Almost a quarter of all jobs will change within five years because of AI, according to the World Economic Forum, with 44% of workers’ core skills disrupted. In many instances, technical skills are becoming obsolete within two to three years.

These shifting skill premiums will require organizations to untether skills from jobs, to enable the more agile (re)deployment of talent; they will increasingly move from traditional fixed job models with skills captive within specific jobs and functions, to flexible and flow models that enable the redeployment of talent and skills where they are most needed. These more agile talent models will enable companies to identify areas of need and quickly pivot – something 66% of companies say they can do today, according to the Mercer survey.

There is strong appetite for this approach; 60% of employees want to work for a skills-based organization, and 78% of upper-level managers believe this transition is important for the future, according to surveys by the Oliver Wyman Forum.

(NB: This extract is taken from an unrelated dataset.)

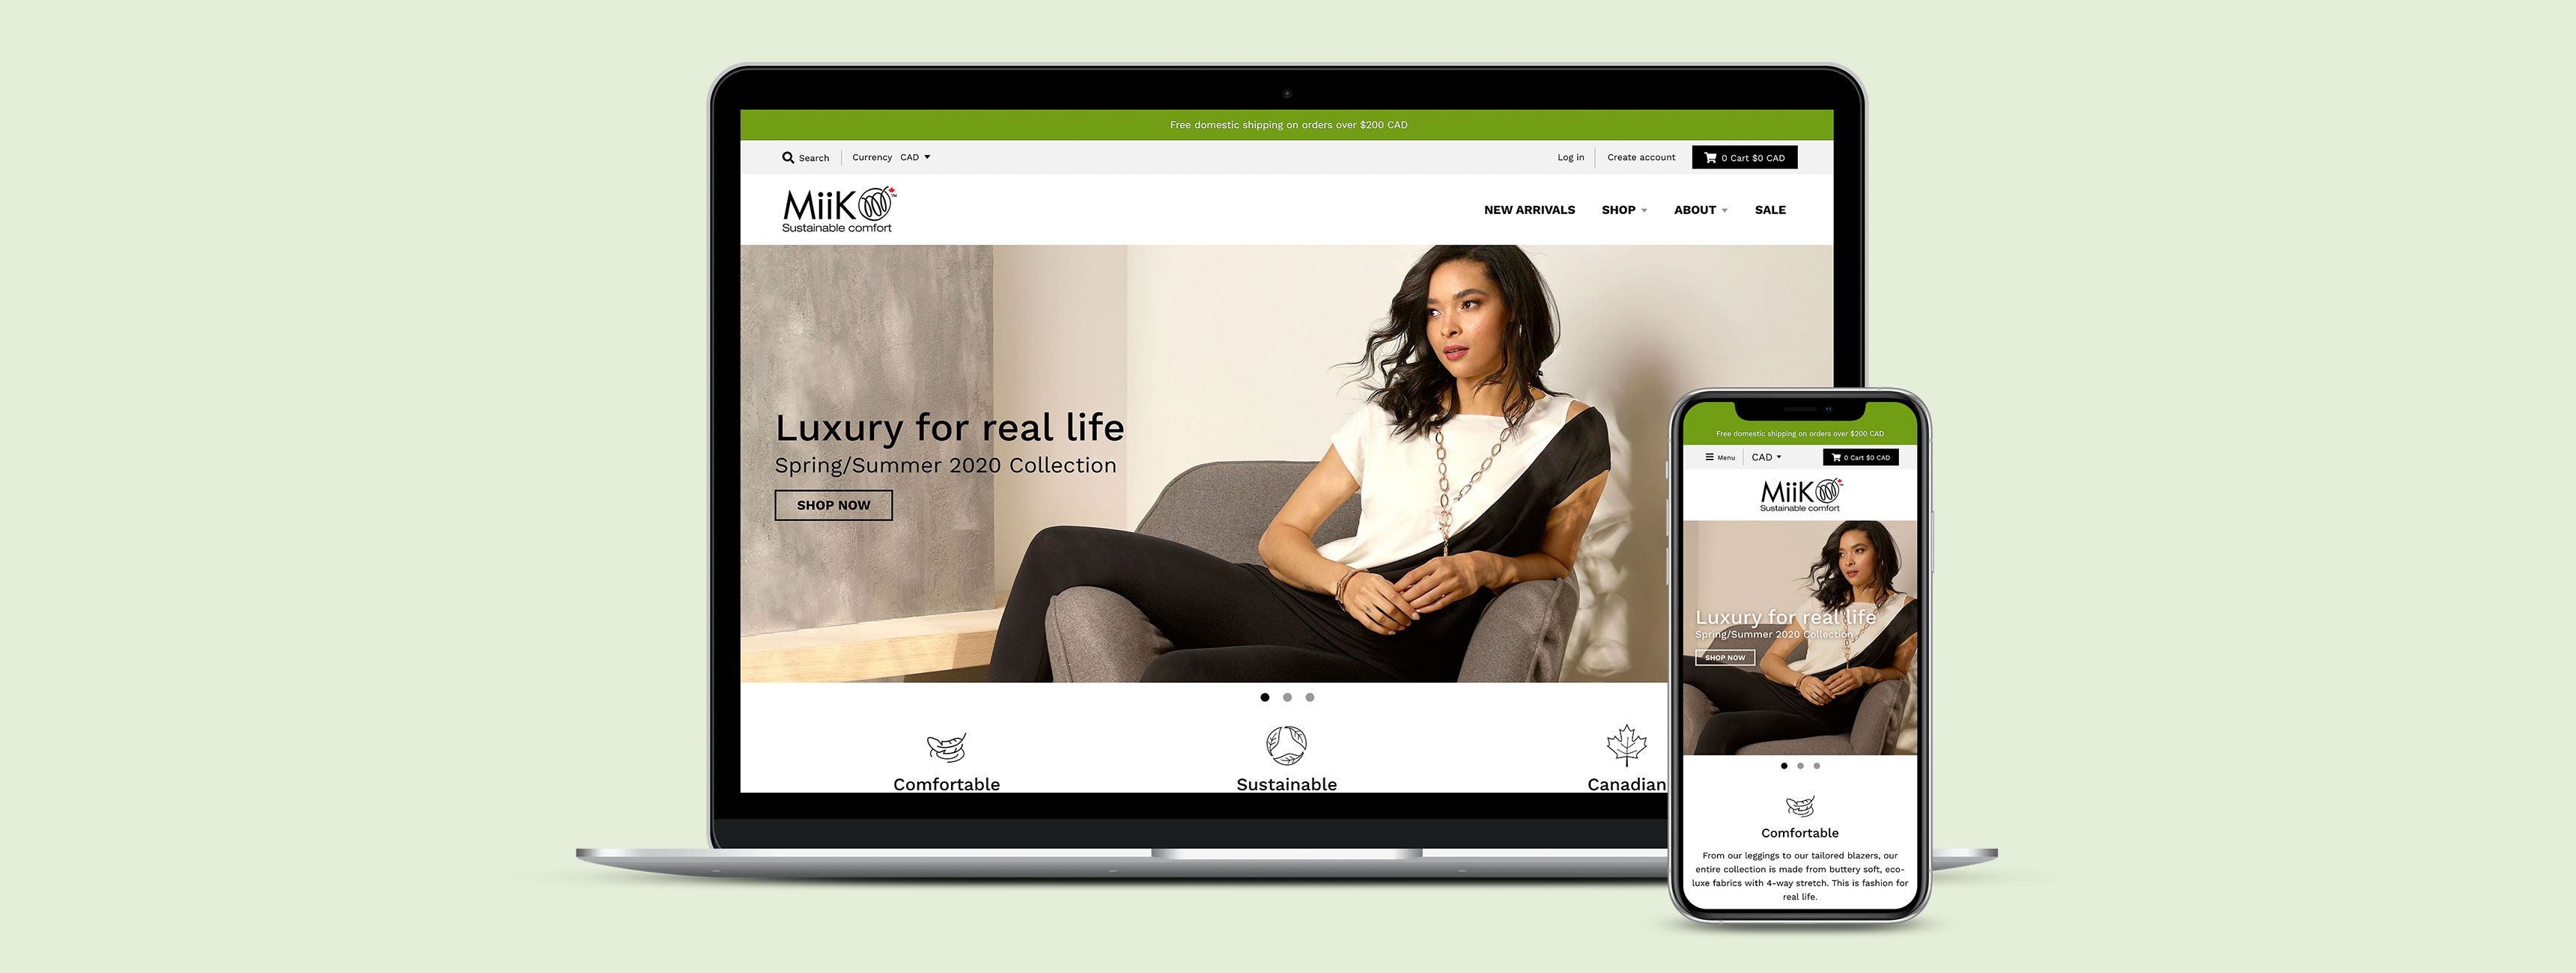 Laptop and a smartphone with the Miik homepage displayed

Pivoting a workforce also requires businesses to significantly upskill their workers. To better prepare them, companies need to shift from episodic training to continuous skills-building that is embedded in daily work. They must also expand their definition of valuable skills. Uniquely human skills – including critical thinking, emotional intelligence, and complex problem-solving – are crucial in an AI-augmented workplace.

A catalyst for growth

Leading companies are increasingly building multi-skilled workforces, as they shift focus from having a workforce built for “just in time” to one built for “just in case.” AI is no longer just a disruptor; it is a catalyst for growth and a driver of organizational transformation that can make these changes possible.

Leaders must act boldly and decisively, embracing AI as a strategic enabler and a critical tool for navigating uncertainty. In doing so, they can position their organizations at the forefront of innovation, resilience, and growth in the AI era.